ImportError: cannot import name 'hist_grad_boost' from 'models' (/Users/juanbello/Desktop/projects/Classification/models.py)

In [3]:
# Minimal preprocessing

def minimal_preprocessing():
    ed = pd.read_csv('./data/train_data/ed_train_raw.csv') # education DataFrame
    hh = pd.read_csv('./data/train_data/hh_train_raw.csv') # household DataFrame
    poverty = pd.read_csv('./data/train_data/poverty_train_raw.csv') # poverty/labels


    def preprocess_df(df, suffix:str):

        # merge first three columns into psu_hh_idcode identifier
        uids = df['psu'].astype(str) + "_"  + df['hh'].astype(str) + "_" + df['idcode'].astype(str) 
        
        # delete the three columns
        df = df.drop(columns=['psu', 'hh', 'idcode'])

        ## Capitalize all Q's in column name prefixes.
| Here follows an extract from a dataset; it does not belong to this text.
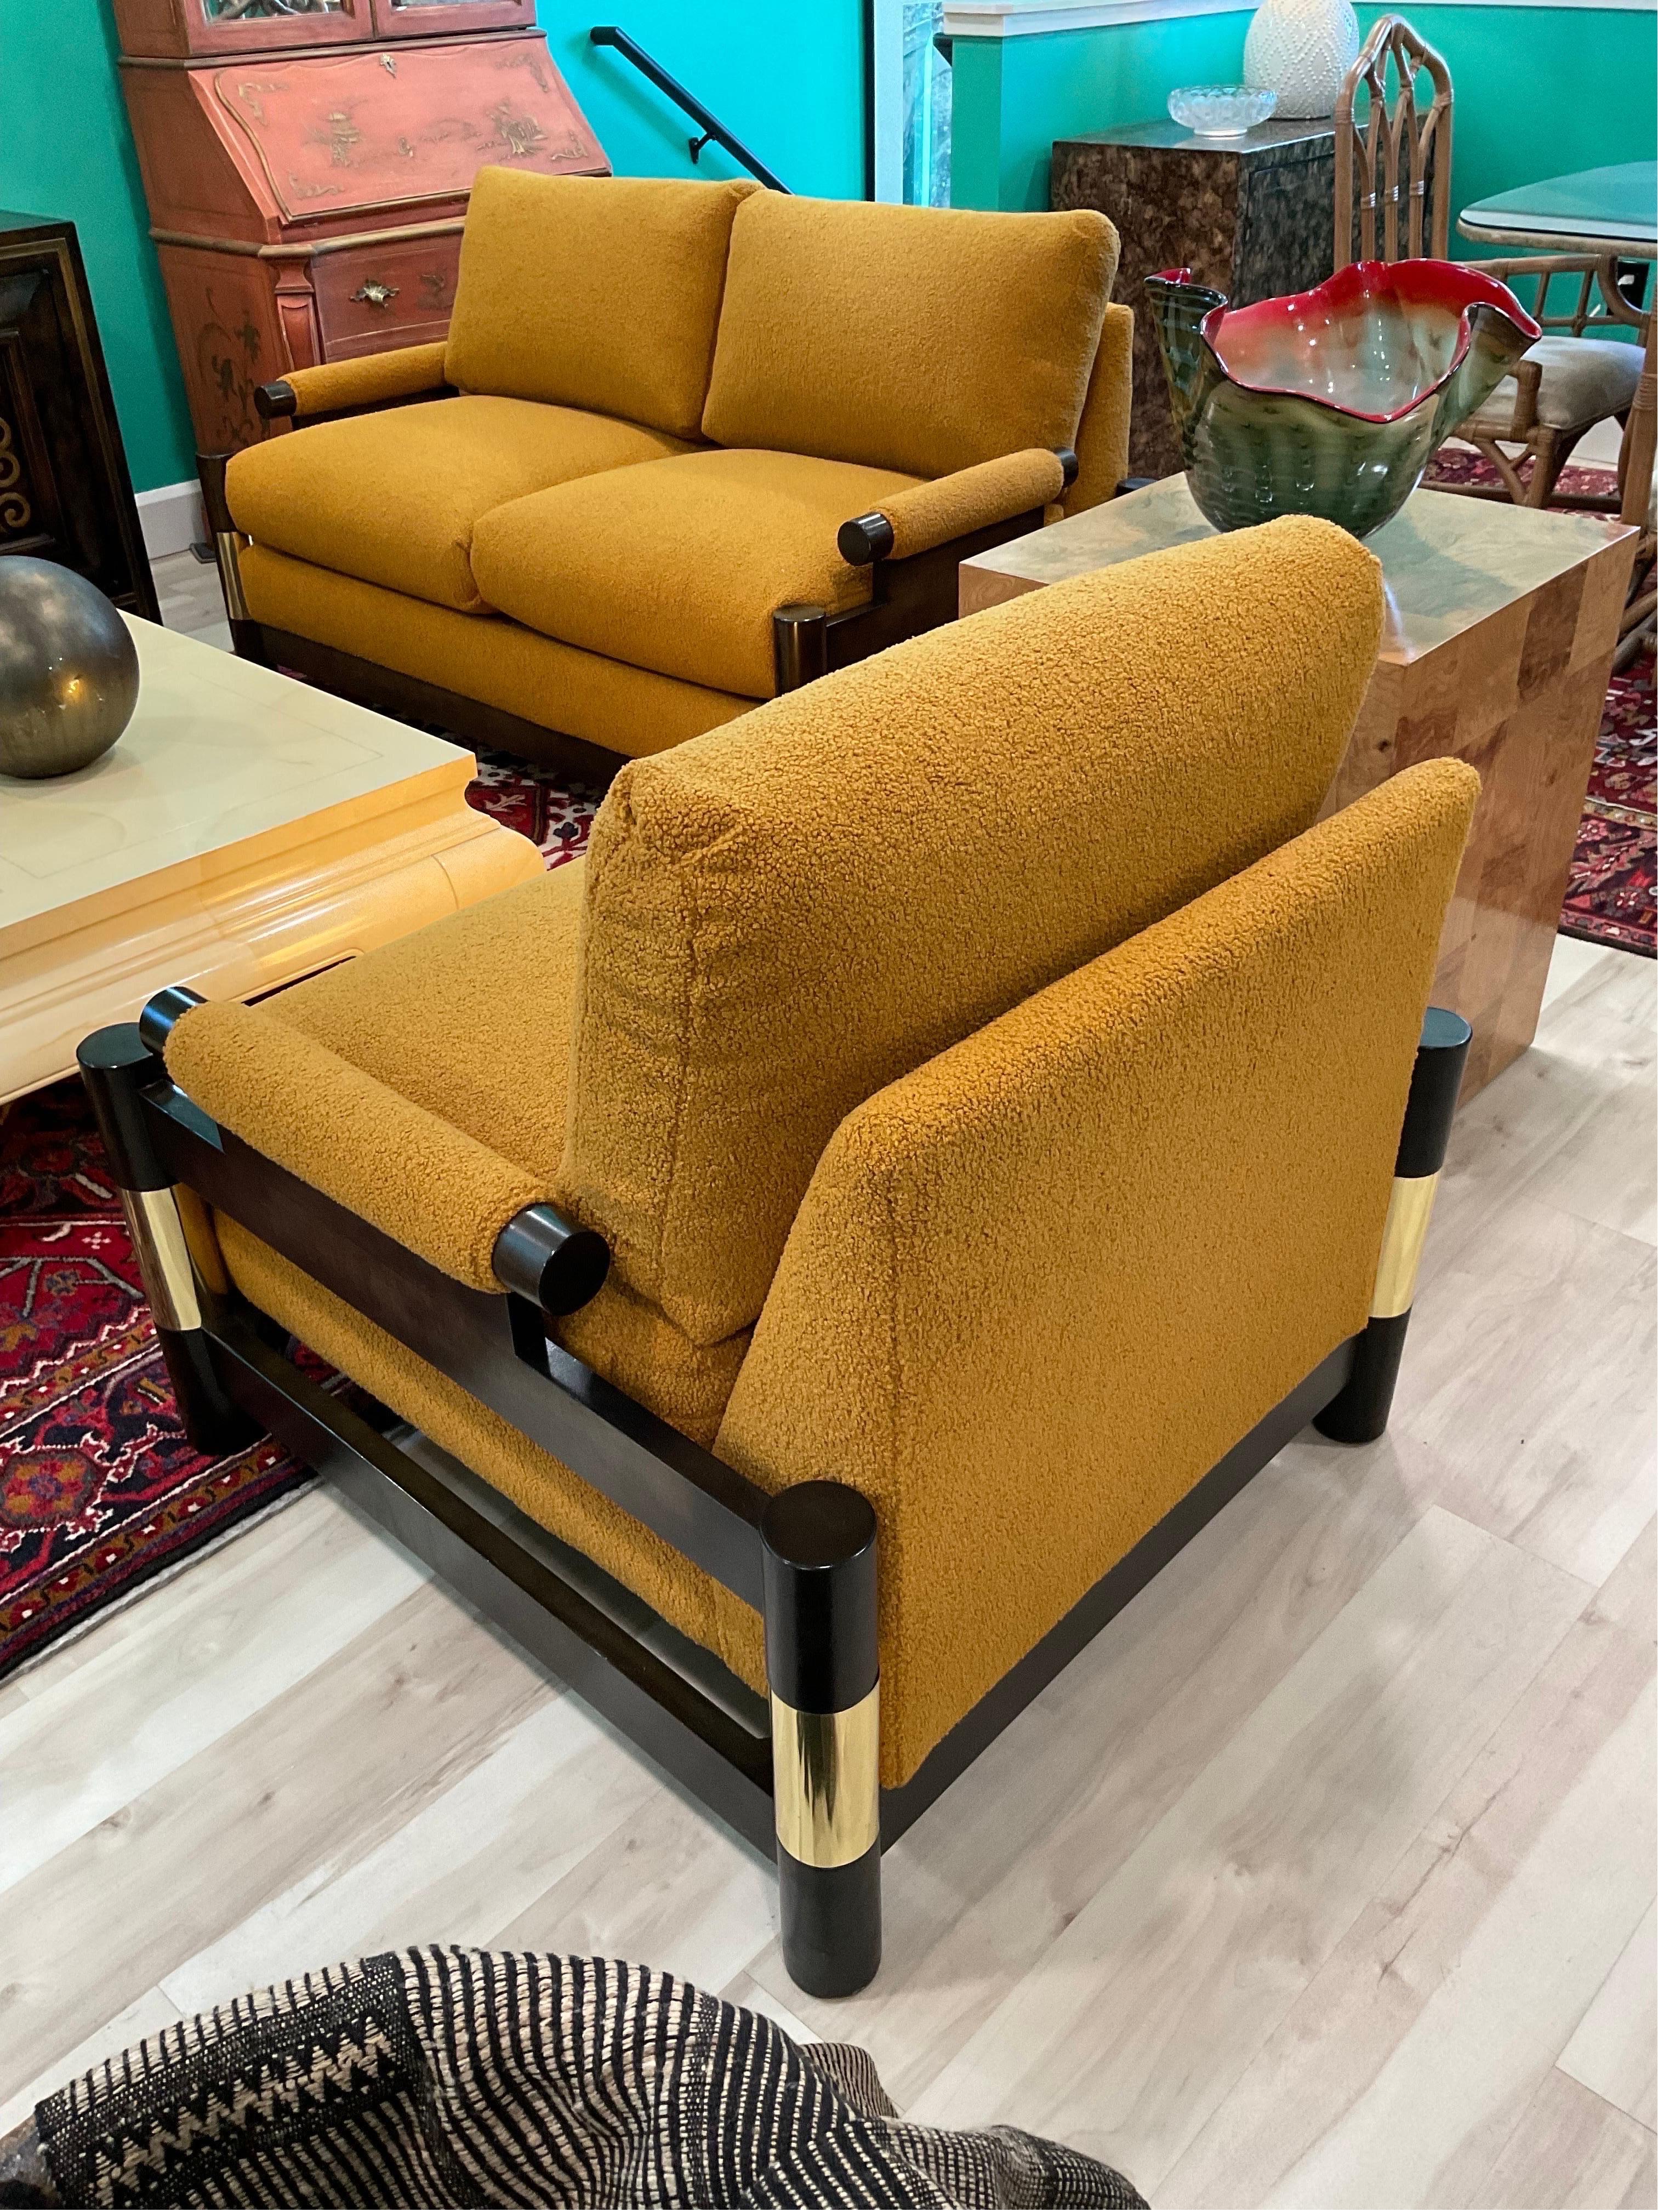 Spectacular Floating Pagoda Club Chair by Carson’s of Highpoint. Matching sofa and loveseat in separate listings. Extraordinary original vintage fabric is near flawless if not just that. No signs of fading, loss of cushion support or use. Time

Add ED or HH prefix to identify variate group
        df.columns = [suffix + "_" + col.capitalize() for col in df.columns]

        # Insert uid as first column, lowercase, no prefix.
        df.insert(0, 'uid', uids)

        return df

    ed = preprocess_df(ed, 'ED')
    hh = preprocess_df(hh, 'HH')

    # Convert subjective poverty score from one-hot to categorical [1-10] outcome
    for i in range(1,11):
        col = 'subjective_poverty_'+ str(i)
        poverty.loc[poverty[col]==1, 'poverty_score'] = i

    poverty['uid'] = poverty['psu_hh_idcode']
    y = poverty[['uid', 'poverty_score']]

    # Filter labeled data
    ed = ed[ed['uid'].isin(poverty['uid'])]
    hh = hh[hh['uid'].isin(poverty['uid'])]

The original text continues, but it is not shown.